Segment Open
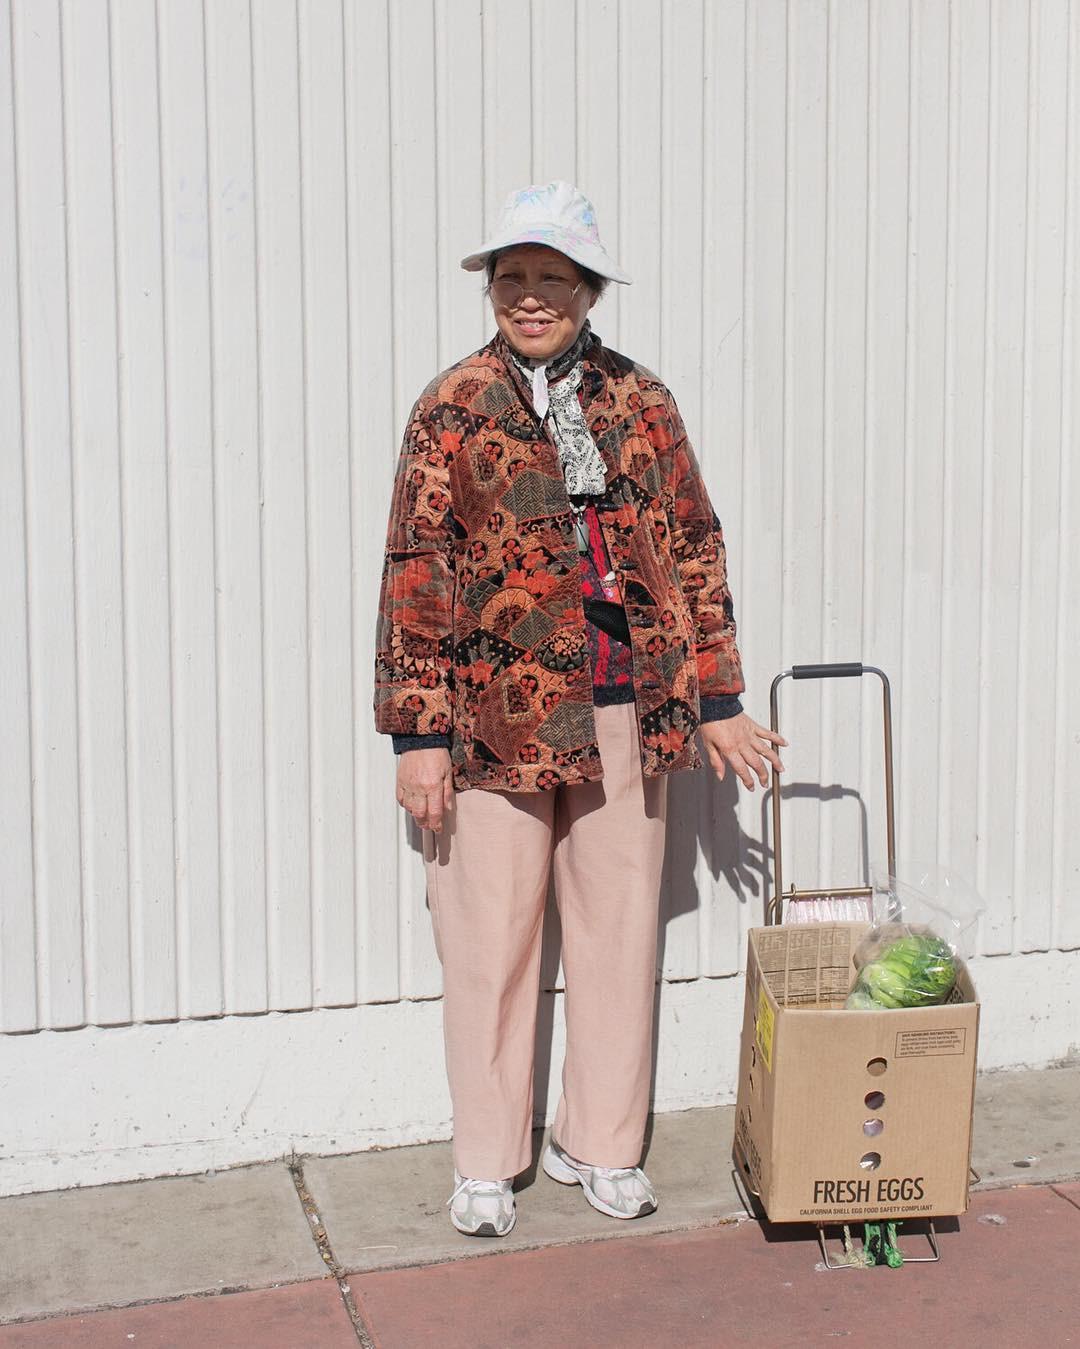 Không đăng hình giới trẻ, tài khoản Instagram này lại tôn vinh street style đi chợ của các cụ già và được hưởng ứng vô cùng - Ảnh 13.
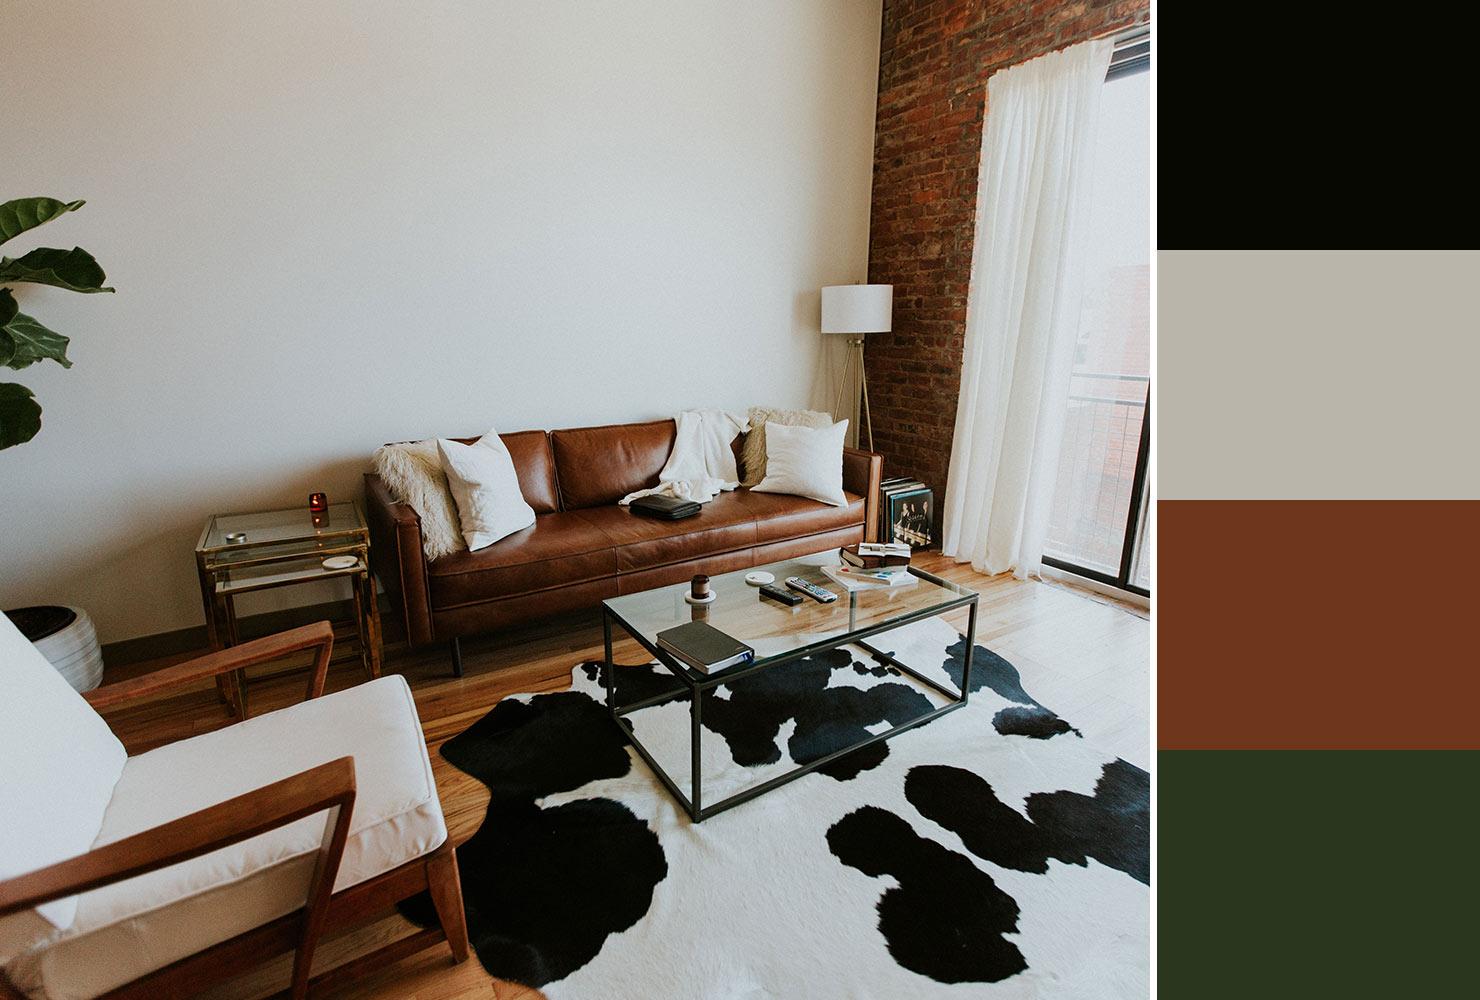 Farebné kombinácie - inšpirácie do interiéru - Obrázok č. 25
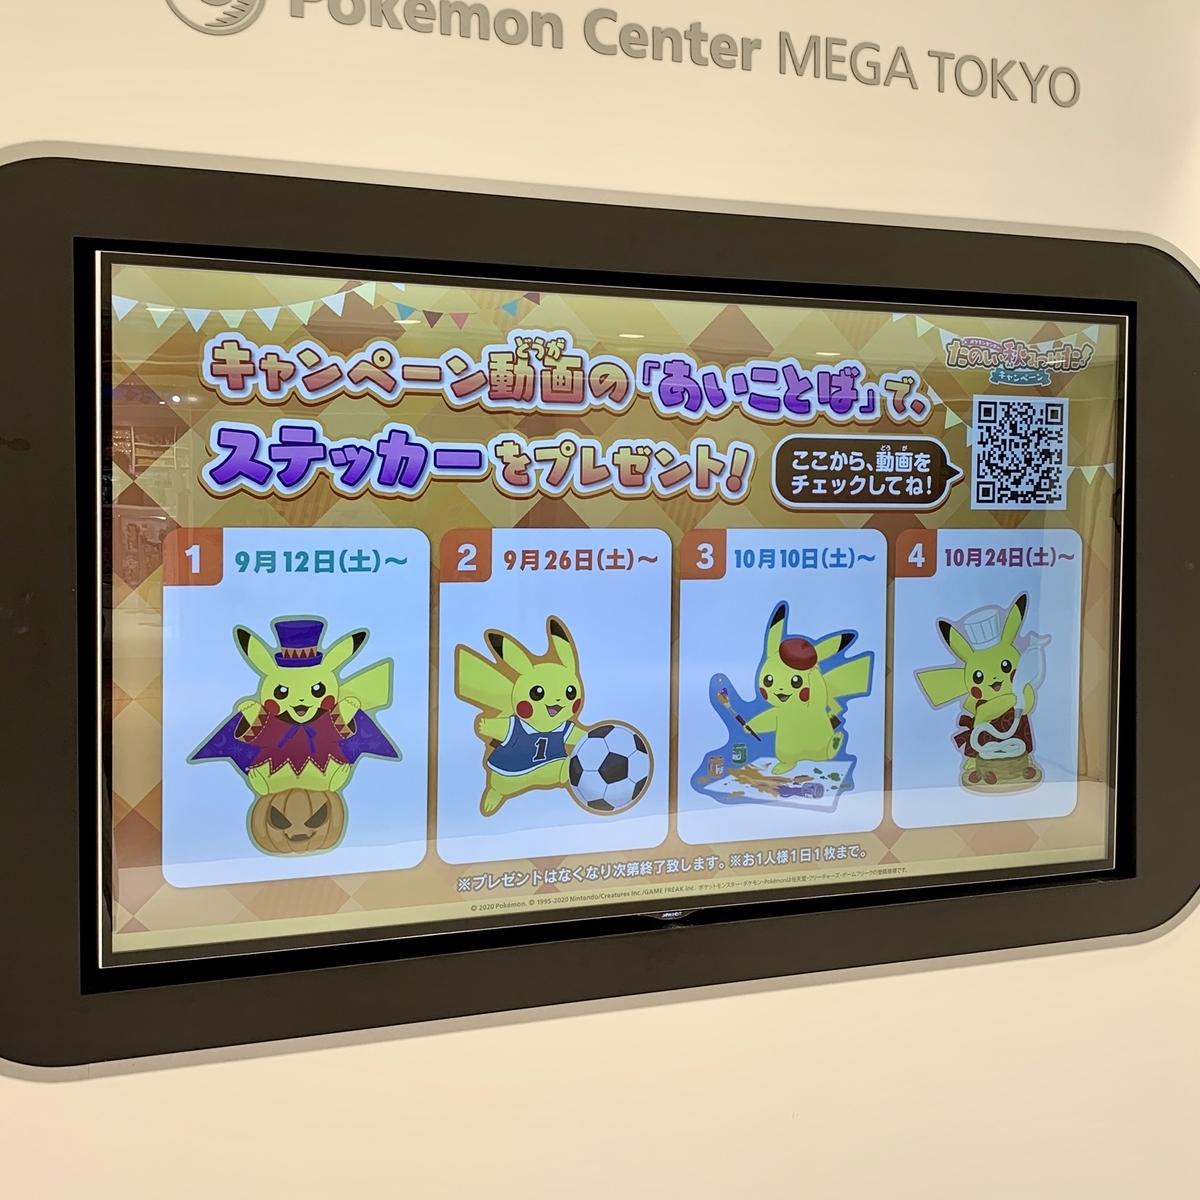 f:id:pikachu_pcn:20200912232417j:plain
Segment Closed
_Exercise prompt:_ Beginning at the line with "Farebné kombinácie - inšpirácie" and ending at the last line of the listing above, retype each line exactly, including those two lines. Leave the pictures out.

_Task response:_
 Farebné kombinácie - inšpirácie do interiéru - Obrázok č. 25
 f:id:pikachu_pcn:20200912232417j:plain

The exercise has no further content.